WILLIAM BURNETT HARVEY

INDIANA UNIVERSITY SCHOOL OF LAW – BLOOMINGTON

Basic in the thinking of both Dicey and Hayek is a sharp dis­tinction between law and administration. Law was conceived by them as a body of rather specific rules applied by the ordinary courts, while administration meant discretion and official arbi­trariness. Yet such a sharp distinction was not descriptive even in Dicey’s day and is even less realistic in the middle years of the twentieth century to which Hayek speaks. Surely no one beyond his first year in law school conceives of law as directions printed in heavy black type, susceptible of literal and mechanical appli­cation by the courts. Discretion in the administration of the law by the courts is inevitable.
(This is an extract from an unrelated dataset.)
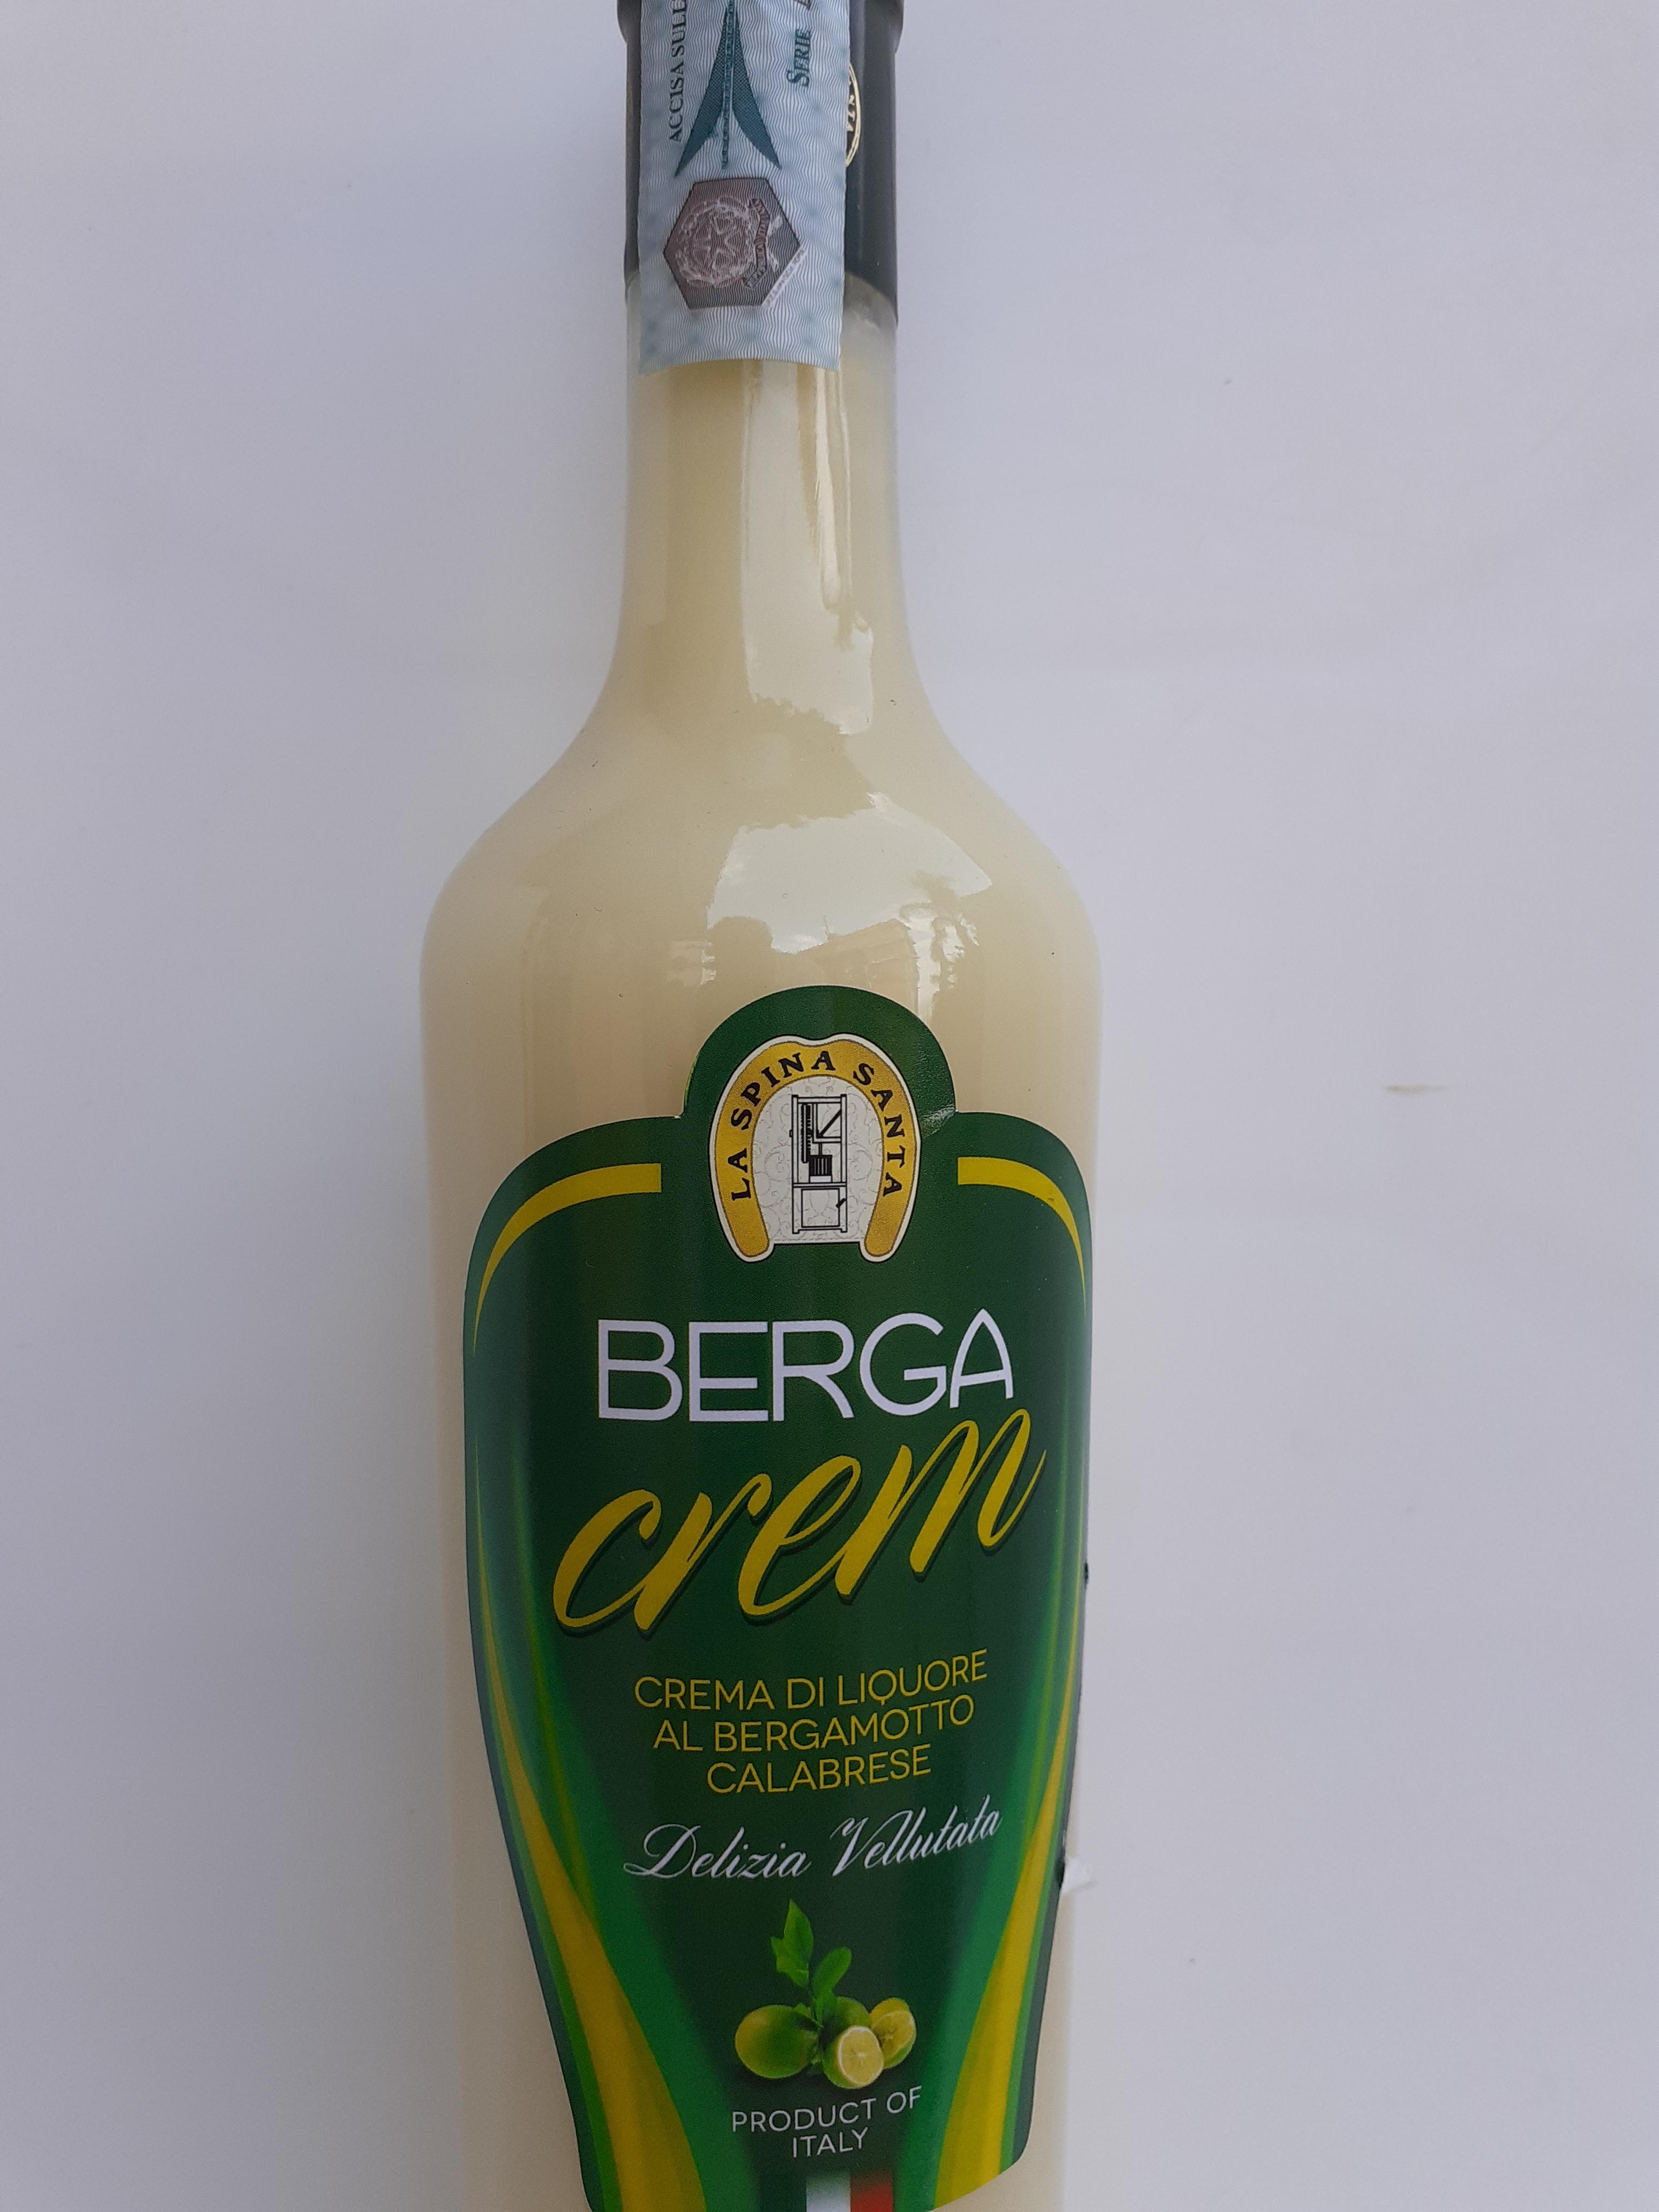 BERGA CREM 50cl Crema di liquore al Bergamotto Calabrese fatta con infuso di Bergamotti, latte, zucchero, alcool puro, panna e acqua. Ditta La Spina Santa Bova Marina (RC)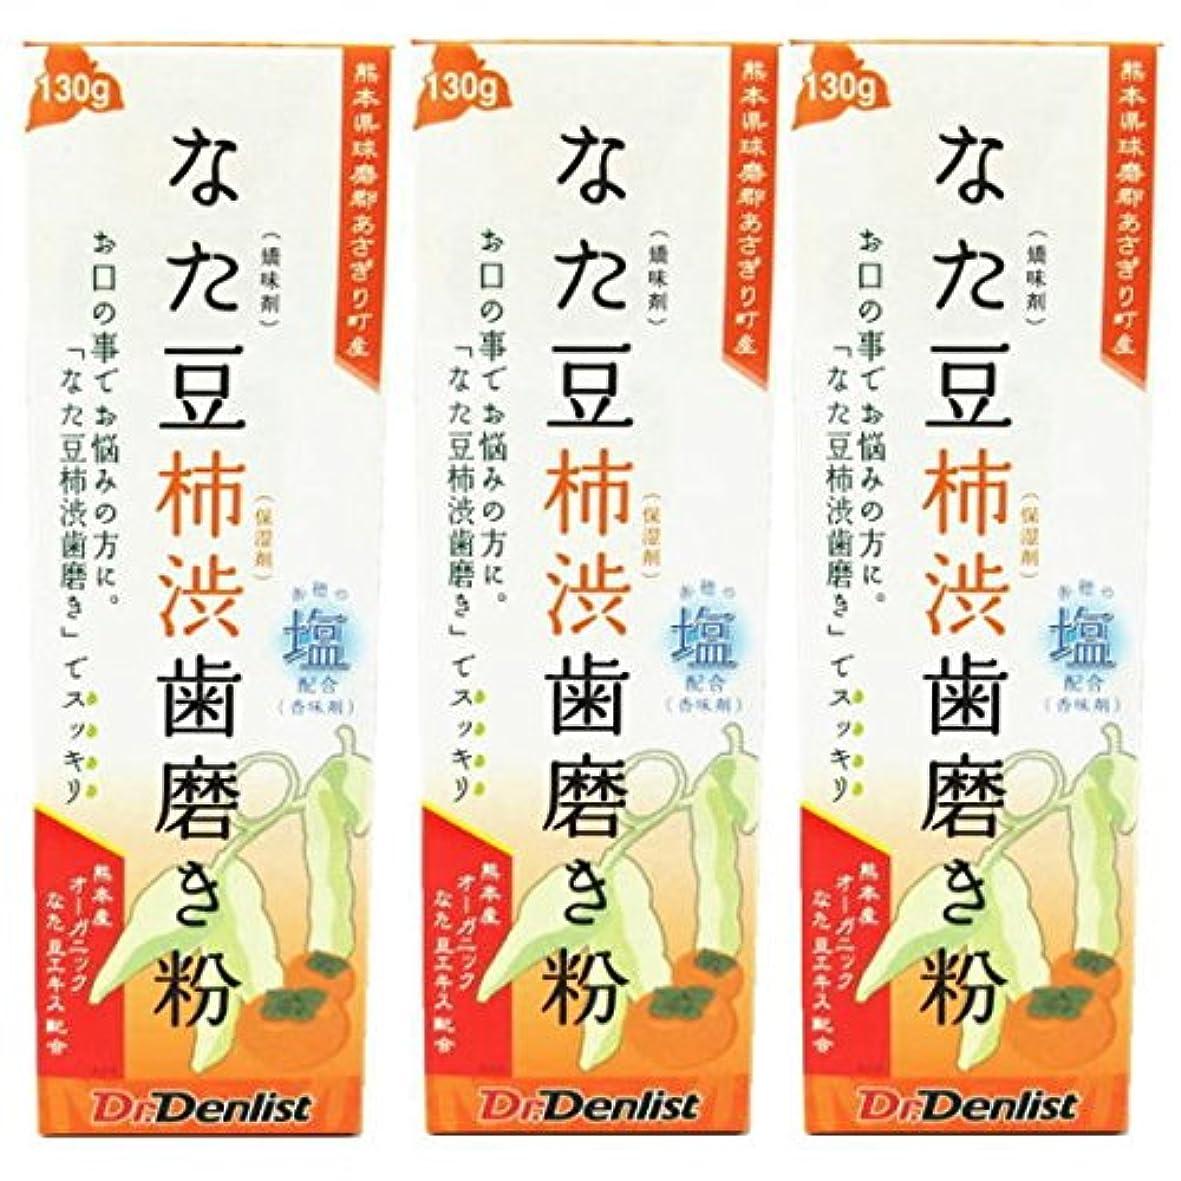 バイオリニストかなりスリラーなた豆柿渋歯磨き 130g 3個セット 国産 有機なた豆使用 赤穂の塩配合(香味剤)

It appears when a judge scales punishment to fit the criminal and not the crime; it is invoked by the application of such concepts or standards as reasonableness, bona fides or the jurisdictional test in equity of the inadequacy of the remedy at law. The crucial point, perhaps, to the theories of Dicey and Hayek, is who exercises the discretion. As Sir Ivor Jennings has pointed out, Dicey’s asserted goal of “rule by the law alone” comes close to meaning “rule by the judges alone.”7

Finally, insofar as Dicey proposed the Rule of Law as a sub­stantive safeguard of individual rights against the ravages of government, he is caught in an irreducible contradiction. His entire catalog of the ancient rights of Englishmen, developed and protected by the ordinary courts, stands under the deep shadow of the initial characteristic of English constitutional law — the su­premacy of Parliament. Ultimately it would seem therefore that the preservation of individual liberties is less dependent upon the Rule of Law, as conceived by Dicey, than upon the threat of political action should the acceptable bounds for official action be exceeded.

Thus this first concept of the Rule of Law purports to reflect certain constitutional principles of 19th-century Britain. On an­alysis, it seems more accurately reflective of the political ideology of a late 19th-century Whig valiantly fighting a rear guard action against the inevitable governmental developments arising from an increasingly complex, technological society. In terms of the allo­cation of governmental powers essential to an adjustment of the legal order to the life of society, the theory implicitly prefers the

1 Jennings, op. cit. supra note 5, at 294.

dominance of the judicial branch. Its political thrust is inherently conservative.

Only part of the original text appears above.